SWIFT reports new ‘sophisticated’ malware attack

© PlanetSWIFT
The global provider of money transfer services, SWIFT, has warned that a second case of a targeted malware attack, similar to February’s $81 million breach at the Bangladesh central bank, has affected at least one other financial institution.

Without naming the new targets, the Society for Worldwide Interbank Financial Telecommunication (SWIFT) said that intruders managed to bypass risk controls potentially exposing the system to the possibility of illegal money transfers.

The “attackers clearly exhibit a deep and sophisticated knowledge of specific operational controls within the targeted banks – knowledge that may have been gained from malicious insiders or cyber attacks, or a combination of both,” the statement reads according to Financial Times.

While warning that the incident is part of a “wider and highly adaptive campaign targeting banks”, the Belgian company said that the “security and integrity of our messaging services are not in question as a result of the incidents.” Furthermore, the payment provider urged its clients to “urgently review controls in their payments environments, to all their messaging, payments and e-banking channels.”

SWIFT’s messaging services are used by about 11,000 financial institutions across more than 200 countries. The network processed 25.6 billion financial transfers in 2014.

In February’s heist, attackers attempted to transfer nearly $1 billion out of Bangladesh Bank’s account at the US Federal Reserve in New York but ultimately were able to move $81 million. It is believed that the attackers obtained valid computer credentials for operators to authorize, create and approve SWIFT messages, and then submitted fraudulent messages by impersonating those people.

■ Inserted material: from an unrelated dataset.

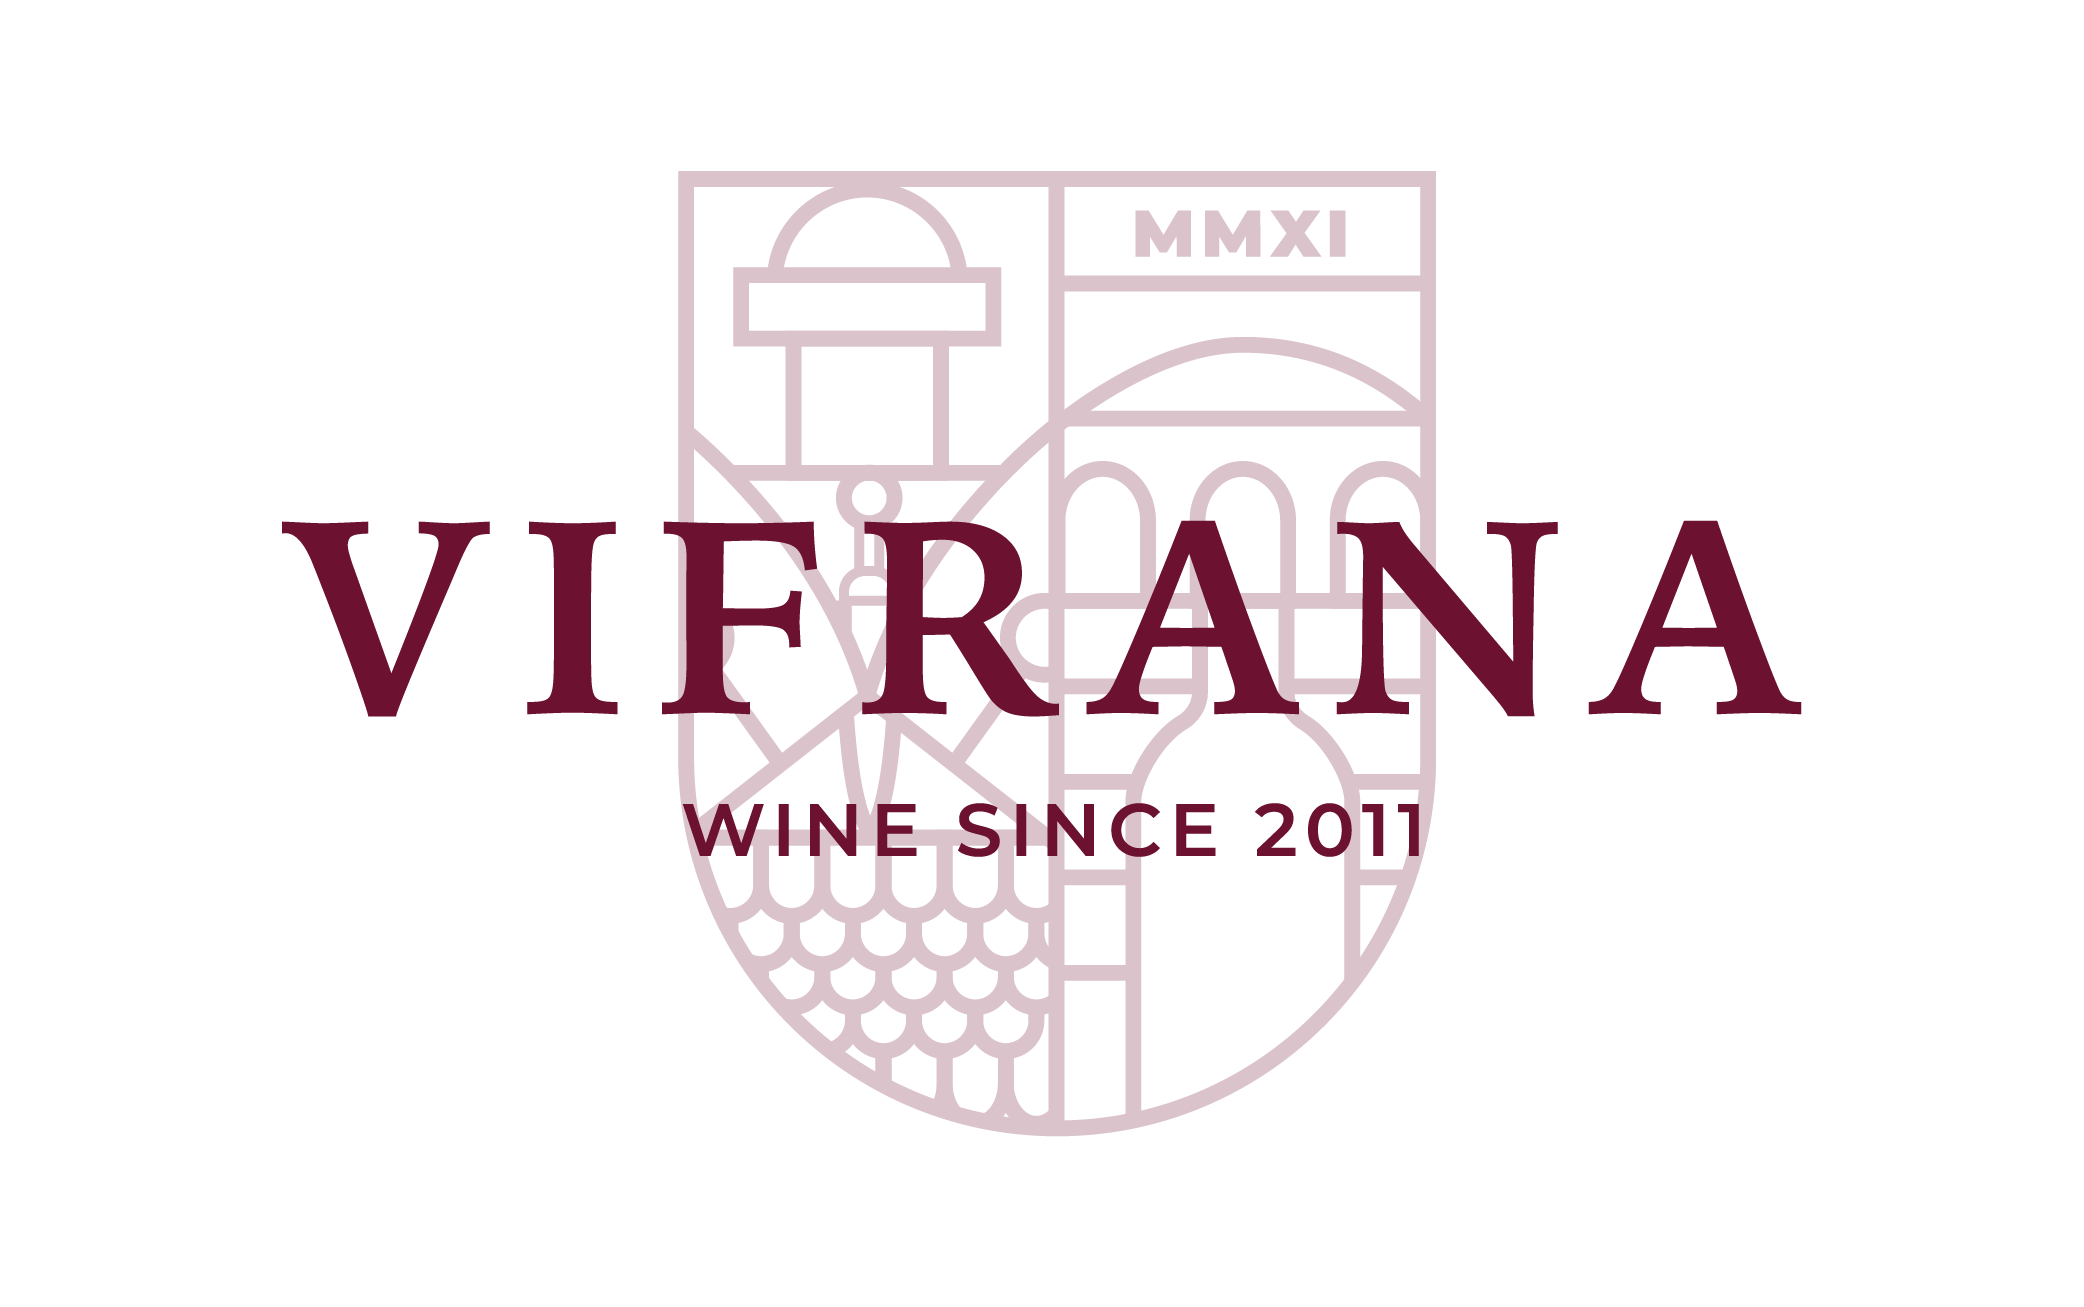 Vifrana- Producător de vin ecologic

On Thursday chief executive Gottfried Leibbrandt made it clear that the SWIFT payment network had not been hacked during February’s theft, after BAE researchers said in April that they had detected malware cybercriminals had used to manipulate SWIFT software.

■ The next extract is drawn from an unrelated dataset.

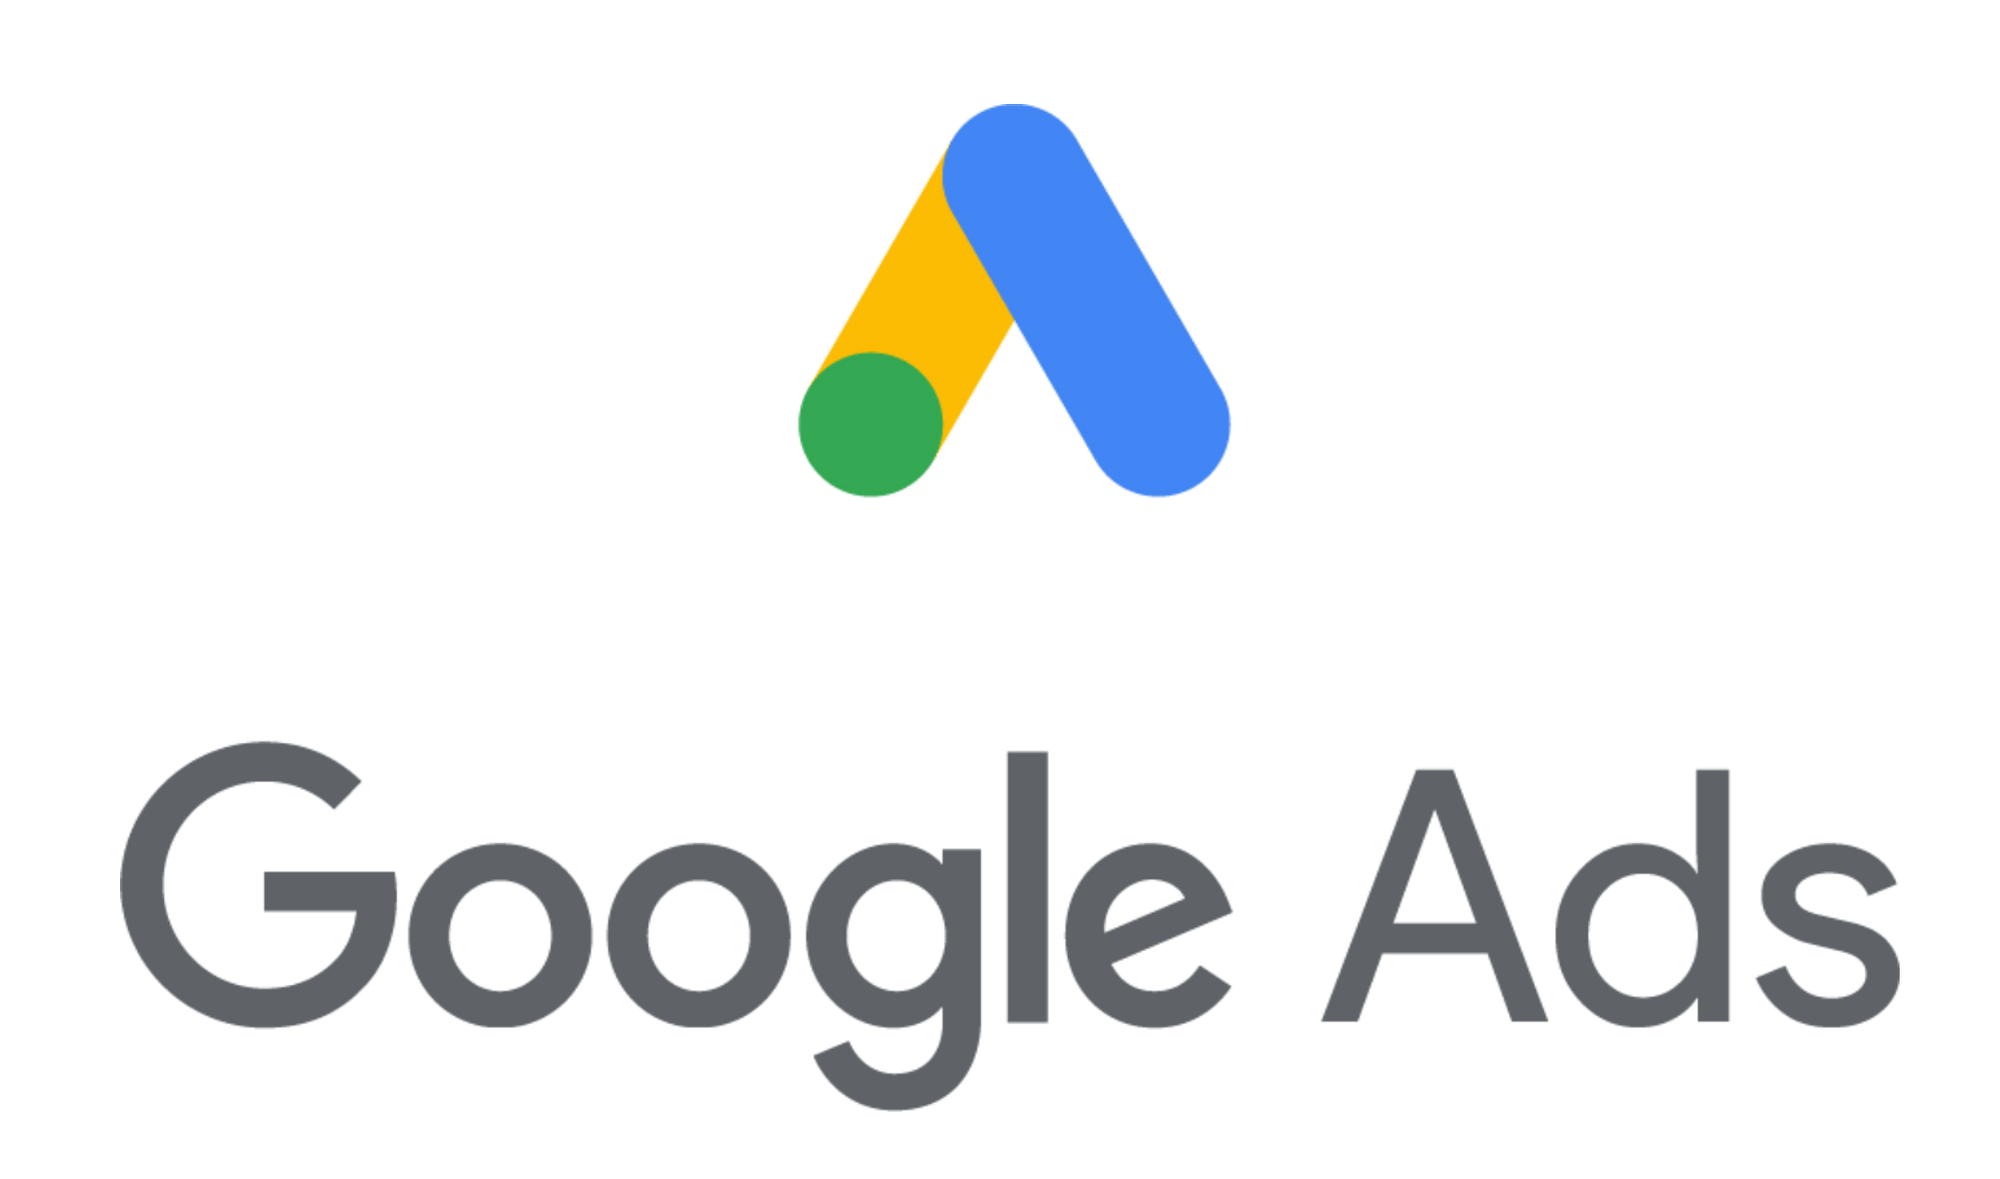 Wie funktioniert Google AdWords Werbung?

“At the end of the day we weren’t breached, it was from our perspective a customer fraud,” Leibbrandt said. “I don’t think it was the first, I don’t think it will be the last.”

Earlier this month, SWIFT made clear to institutions that use their services that they were responsible for securing their own computers used to send messages over its network. In late April, SWIFT released a security update for the software that 11,000 financial institutions have been using to access its network, and has told customers the update should be installed by May 12.